As chemotherapy drug‐induced secondary necrosis is a lytic form of cell death,5, 6 macrophages may be reduced or depleted by such drugs. In this study, we found that mouse peritoneal macrophages were depleted after in vivo cisplatin treatment and that the activation of caspase‐3 and GSDME among these cells during the cisplatin treatment indicated induction of secondary necrosis, yet we cannot exclude the direct toxicity of cisplatin on the macrophages. Given the important roles of the peritoneal macrophages acting as tissue‐resident innate immune cells,10 such depletion may impair the innate immunity against bacterial infections. Indeed, cisplatin‐treated mice all succumbed to a sub‐lethal dose of intraperitoneal E coli infection, suggesting that chemotherapy drugs have impaired the first‐line defence of the innate immunity. Although newly recruited monocytes had been markedly increased, they may still need time to differentiate into mature macrophages and whether the differentiated cells (if there were) can functionally act as the peritoneal resident macrophages remains unclear.10 Given that GSDME is expressed in various normal tissues (eg spleen, kidney, intestine and testicle),5 the exact role of GSDME in mediating cisplatin toxicity awaits future investigation in mice with macrophage‐specific knockout of GSDME. On the other hand, lytic cells release various inflammatory cellular components, leading to inflammation responses.22 In line with this, cisplatin administration had increased the levels of inflammatory cytokines such as IL‐6 in the peritoneal cavity and blood of mice, suggestive of the induction of low‐level systemic inflammation. Such chemotherapy drug‐induced inflammation has been extensively investigated and may lead to the failure of chemotherapy and metastasis.23 Taken together, chemotherapy drugs may not only exert detrimental influences on the innate immune cells like macrophages but also induce systemic inflammation that could hinder their therapeutic effects or even promote metastasis.
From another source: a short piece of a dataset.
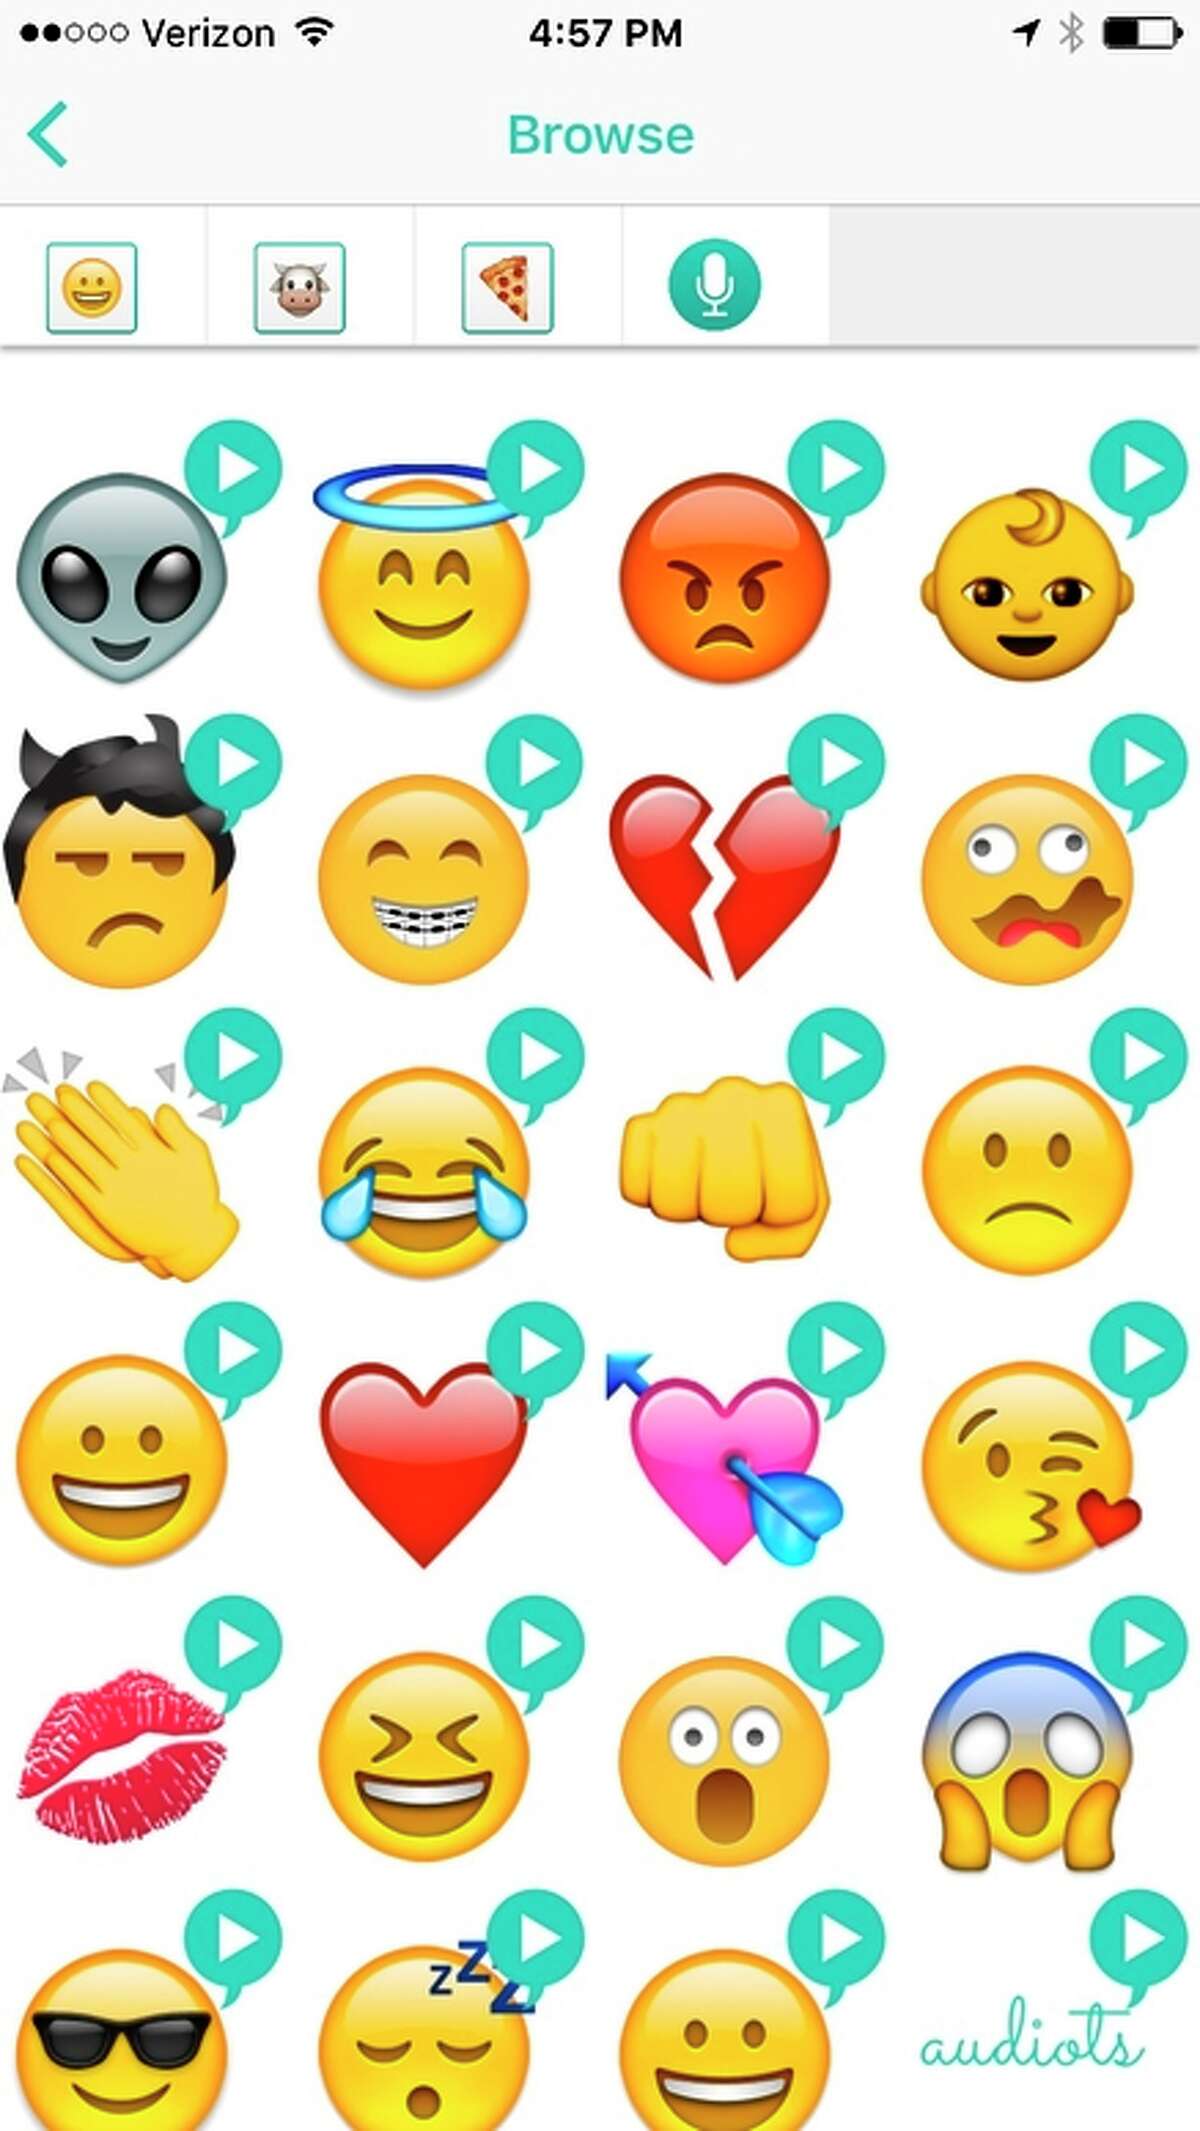 The Audiots iOS app lets you send emoji with prerecorded audio clips.

However, recent studies showed that GSDME is not involved in regulating secondary necrosis in human T cells and monocytes24 and that GSDME is dispensable for the secondary necrosis that follows NLRC4‐mediated apoptosis in macrophages,25 suggesting that other as‐yet‐unidentified caspase‐3 substrates may exist in caspase‐3‐mediated necrosis. Whether such as‐yet‐unidentified substrates participate in chemotherapy drug‐induced necrosis in macrophages warrants future investigation.

In summary, we showed that chemotherapy drugs, such as cisplatin and doxorubicin, induced secondary necrosis concurrent with apoptosis in mouse macrophages. This form of necrosis was likely mediated by the caspase‐3/GSDME axis. Induction of secondary necrosis of macrophages may not only have a role in depleting tissue‐resident macrophages thus impairing the innate immunity, but also might foster a systemic inflammation milieu that weakened the chemotherapeutic effects on cancers. The chemotherapy drug‐induced secondary necrosis in macrophages therefore constitutes another form of toxicity, and targeting GSDME‐mediated necrosis may be a novel avenue to mitigate the side effects of chemotherapy drugs.

CONFLICT OF INTEREST

The authors have no conflicts of interest to declare.